Bridge (or long weekend).
Last weekend was 'puente', a 4 day weekend from Friday to Monday. After all the energy (and euros) thrown at my Barca birthday trip, I stayed local for the fiesta.
I finally had a proper daylight peep at Oviedo (Capital of the region) with the help of assistant who lives there. I met Woody Allen, Jesus and the biggest Nativity I've ever seen. Woody has his own statue there, including a quote in which he describes the city as 'una cuneta de hadas' a fairy-tale; his glasses have to be replaced every year or so as people touch then and they break. Some scenes from Vicky Christina Barcelona are filmed there, including those in the hotel. Meanwhile, Jesus is perched on Monte Naranco, overlooking the city. Along the steep route are 2 UNESCO certified churches. The Belén (nativity) is a serious business here. Serious, as in it's a girl's name. Serious, as in there are competitions. Serious, as in the one in Oviedo's Plaza Mayor has life size figures in a stable AND a 3D panoramic view of Bethlehem stretching across an estimated 9m with running water and sound effects.

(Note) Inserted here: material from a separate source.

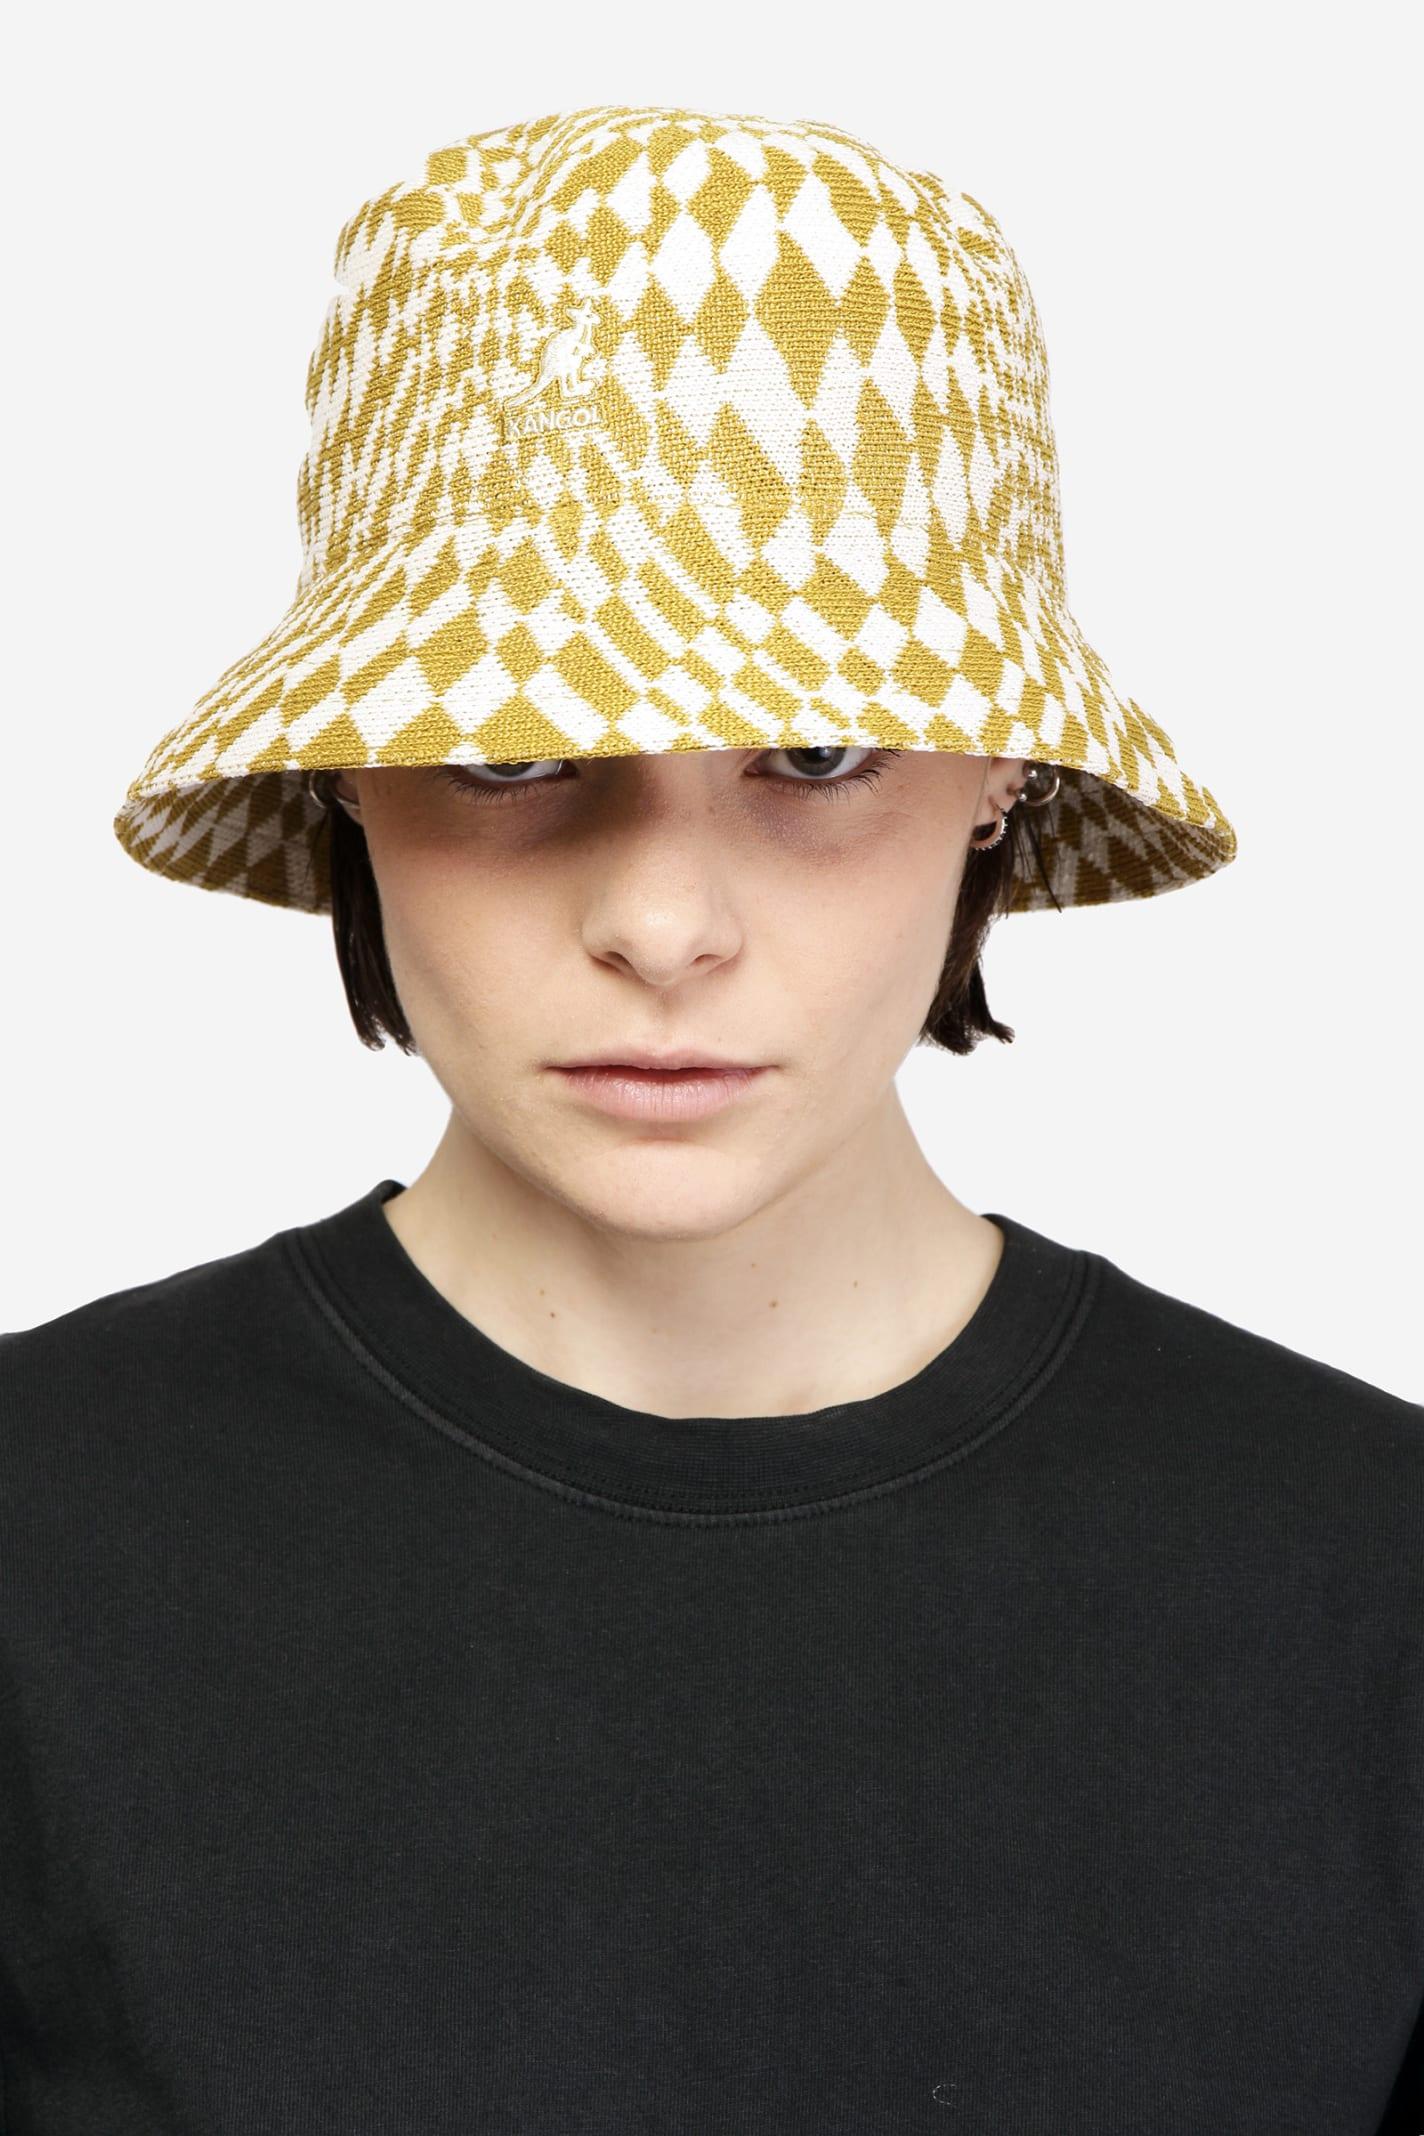 Warped Check Hats

I took a trip to Ribadesella, 2 hours of winding roads and coastal views to a coastal pueblo stretched across an estuary. Along the promenade the town has a series of wonderful tile murals depicting its history, ranging from 'prehistoria' to 'modernidad'. I walked up the cliff to the viewing point next to an old chapel. There are caves with cave paintings and a museum here but he caves are close until Easter, so I will be returning. They also have a walking route along the coast where dinosaur footprints can be spotted. The river is the site of an annual Eatser regatta, the names of the winning teams are etched on a stone tablet on the riverside next to a sculpture of 2 men in a kayak; there were several rowers out and about on the day too. The beach of Atalaya, hidden away between cliffs was lovely, but the highlight in the casco viejo was the Iglesia de Santa María Magdalena. The church contains the most stunning murals I've seen in a while.

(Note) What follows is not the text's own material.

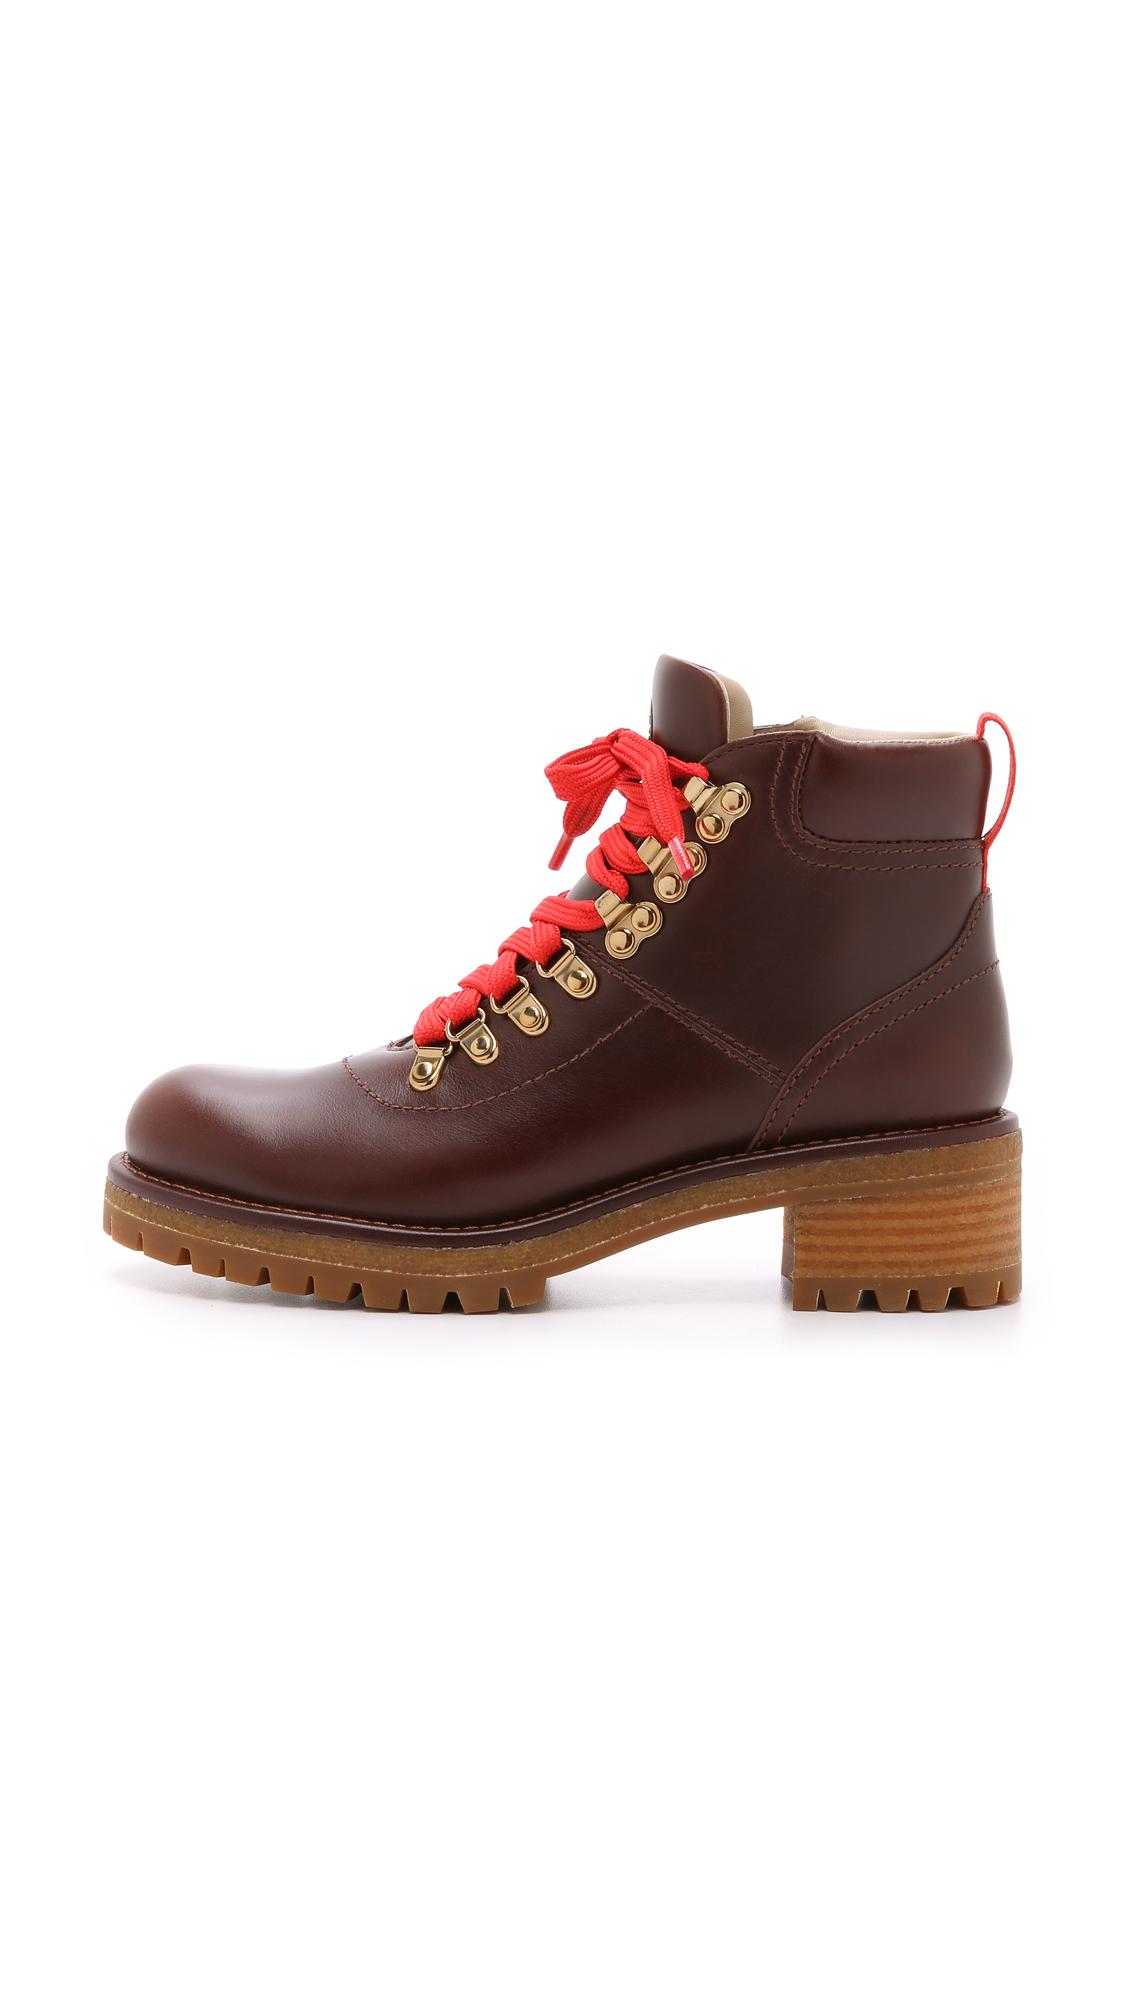 cd977633e5f Lyst - Tory Burch Gunton Hiking Booties in Brown

When traveling to Ribadesella there was one coastal view that rendered me gaping, nose against the window. Lastres is another coastal pueblo, similar to Cudillero in that they're both build leading down a hill to a port. Only this was steeper (and there was less rain). I stopped off on the way back for 2 hours and trekked my way to the viewing point:
After a day of rest on Sunday, I caught the 8:15am bus to Llanes, another seaside town. I'm only sorry I couldn't spend more time there as it was lovely. There were medieval castle remnants and a lovely old town, throughout which traditional loud speakers trilled Christmas songs (while wearing my sunglasses, this was a surreal experience). The Paseo de San Pedro is a strip of green along the top of a cliff that snakes round the edge of the town before entering a wide Dartmoor like plain to the mountains in the distance; it is also very beautiful. Llanes is home to Los Cubos de Memoria by the Brazilian artist and sculptor Agustín Ibarrola along the pier. They are giant cubes of rock, placed like breakwaters around the pier and painted with patterns and images, some of which are supposed to represent events in Llanes' history.
A rather enjoyable penultimate weekend staycation.